In recent years, immune checkpoint inhibitors (ICIs) have revolutionized the treatment of metastatic urothelial carcinoma (mUC), becoming the treatment of choice after first-line platinum-based chemotherapy and showing interesting results in patients ineligible for first-line platinum-based treatment (1-3).
However, despite the good tolerability of these treatments, patients treated with antibodies targeting programmed death 1 (PD1) or programmed death-ligand 1 (PD-L1) could develop immune-related adverse events (irAEs), sometimes leading to clinically significant toxicities that could require the initiation of immunosuppressive therapy or lead to the withdrawal or permanent cessation of the treatment.
Many authors have attempted to identify clinical characteristics that may be associated with a higher risk of developing irAEs (4, 5). Some of systemic inflammation markers calculated from peripheral blood count values (such as neutrophil-to-lymphocyte ratio, NLR, platelet-to-lymphocyte ratio, PLR, C-reactive protein and the combination of low hemoglobin levels with PLR), which have already been shown to be prognostic factors in patients with mUC (6-12), have also been shown to be associated with a higher risk of immune toxicities in patients with other solid malignancies (4, 5, 13).

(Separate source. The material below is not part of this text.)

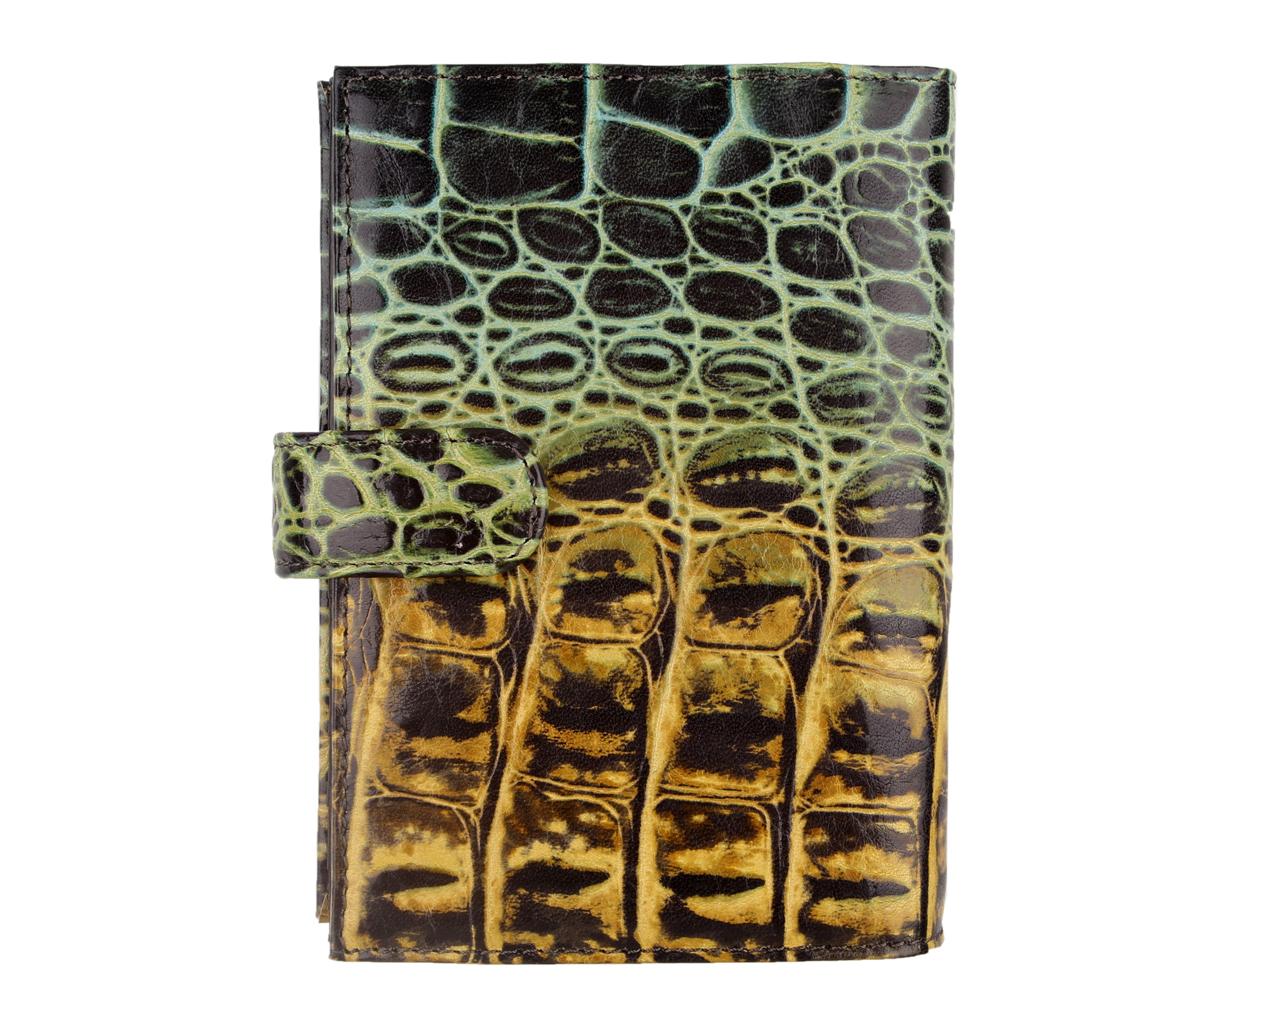 Обложка для документов женская Leo Ventoni, цвет: черный, желтый. L330661L330661-green/neroСтильная обложка для автодокументов Leo Ventoni выполнена из натуральной кожи с тиснением под рептилию, дополнена металлической фурнитурой. Изделие раскладывается пополам и закрывается хлястиком на кнопку. Внутри размещен вкладыш с шестью файлами для автодокументов, два боковых кармашка для этого вкладыша, пять карманов для кредитных карт, четыре боковых кармана, небольшой горизонтальный кармашек и дополнительный карман-уголок. Изделие поставляется в фирменной упаковке. Оригинальная обложка для автодокументов Leo Ventoni станет отличным подарком для человека, ценящего качественные и практичные вещи.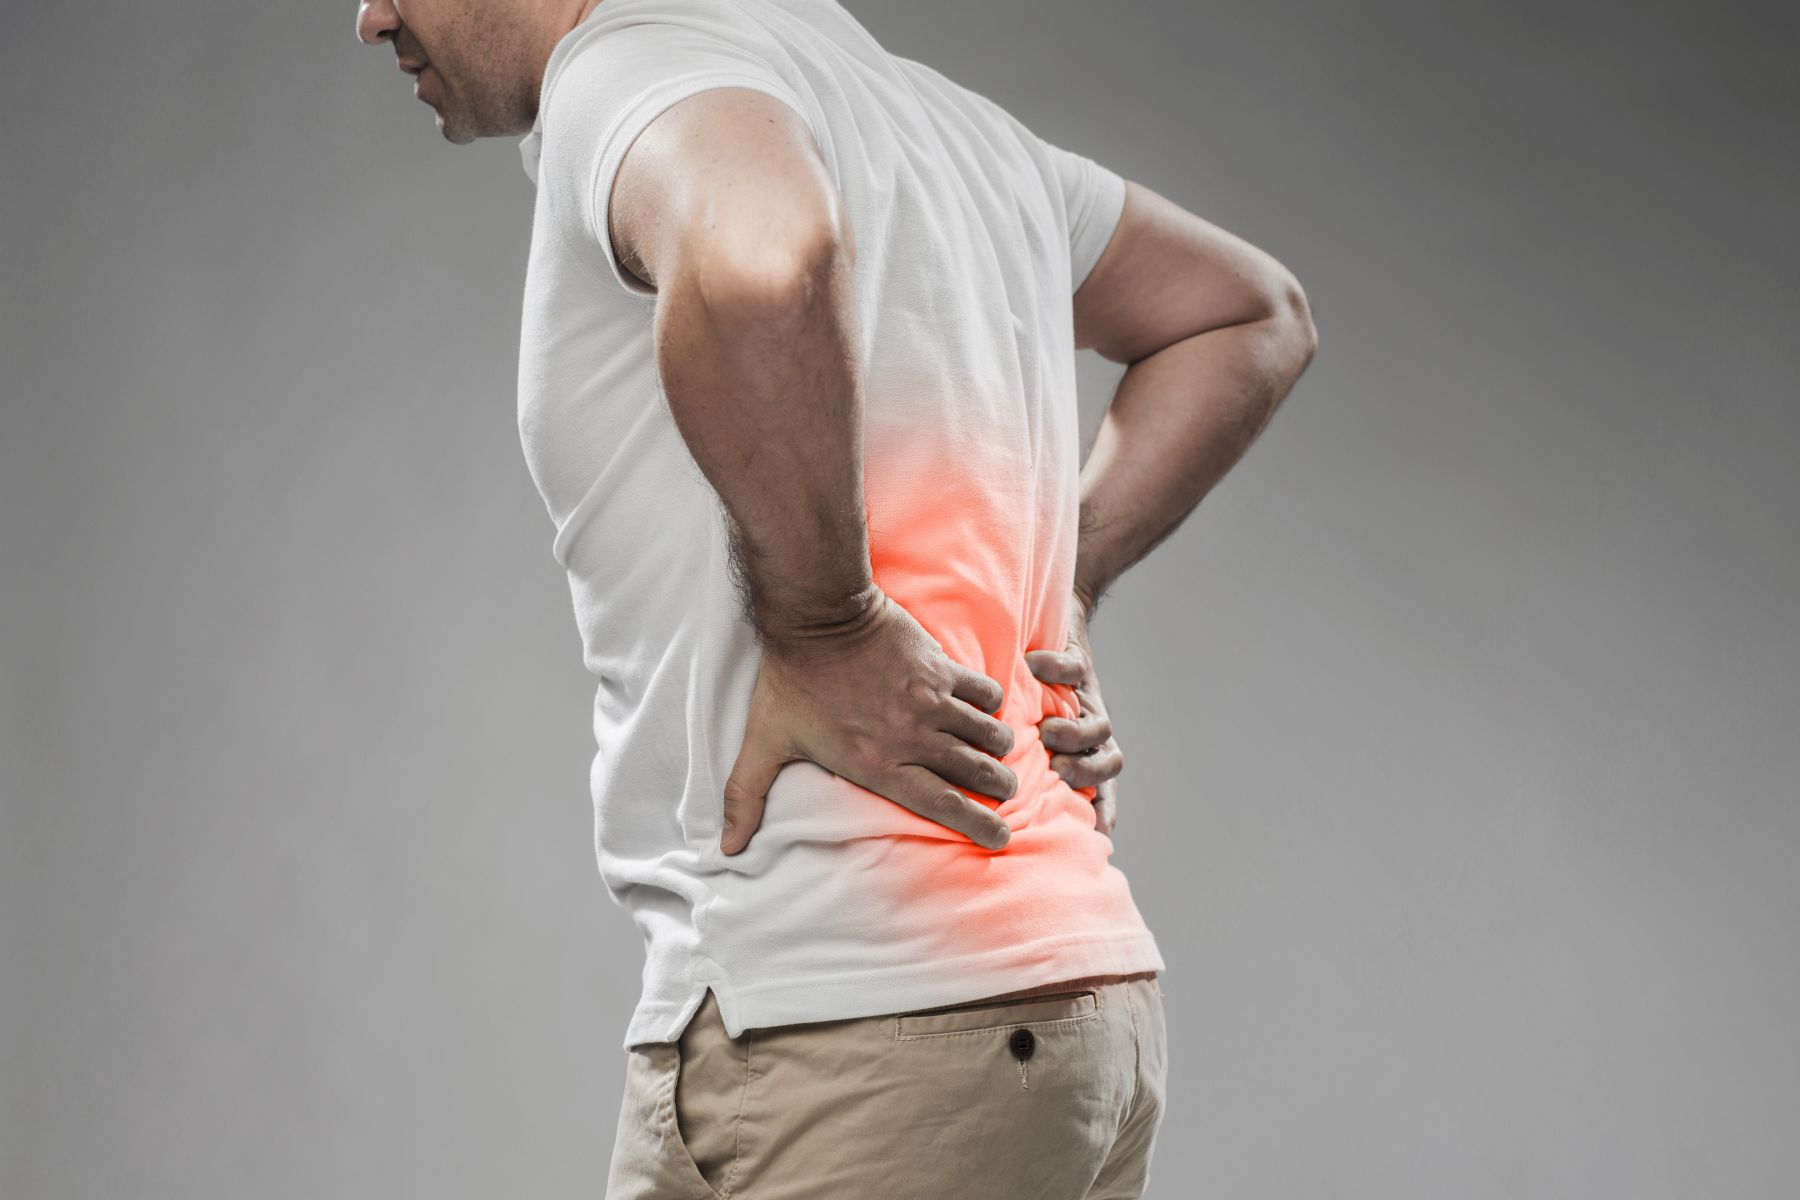 椎間盤突出、脊椎長骨刺  一定要開刀嗎?

The aim of our study was therefore to investigate the potential association between three baseline systemic inflammation indexes and the development of irAEs in a real-world cohort of patients treated with ICIs for mUC.
Patients and Methods
We retrospectively reviewed the electronic records of all patients who received anti-PD1 or anti-PD-L1 treatment for metastatic UC at our Institution from January 2017 to December 2022. Inclusion criteria included a histological diagnosis of UC, the presence of metastases, at least one course of treatment with ICIs, and the availability of all necessary data.
For each patient, we collected baseline demographic data, tumor characteristics, details of the course of immunotherapy (line of treatment, start and stop dates, date of disease progression), treatment toxicity (type, grade, date of onset, need to discontinue treatment or use corticosteroids), date of death or last follow-up, and baseline blood count values. For each patient, baseline NLR, PLR and systemic immune-inflammation index (SII) (neutrophil×platelet/lymphocyte) were calculated. Adverse events were graded according to the Common Terminology Criteria for Adverse Events (CTCAE) v5.0 and radiological response was defined according to Response Evaluation Criteria in Solid Tumors (RECIST) v1.1.
Progression-free survival (PFS) was calculated using the Kaplan–Meier method from the date of treatment initiation to the date of disease progression or death (whichever occurred first); PFS was censored at the last patient follow-up visit without progression. Overall survival (OS) was calculated from the date of drug initiation to the date of death from any cause or censored at the last date known to be alive.
Key metrics were summarized using descriptive statistics. Categorical variables were compared using the Chi-square test or Fisher’s exact test, depending on the samples’ numerosity. Significant differences in numerical variables were tested using the Mann–Whitney test.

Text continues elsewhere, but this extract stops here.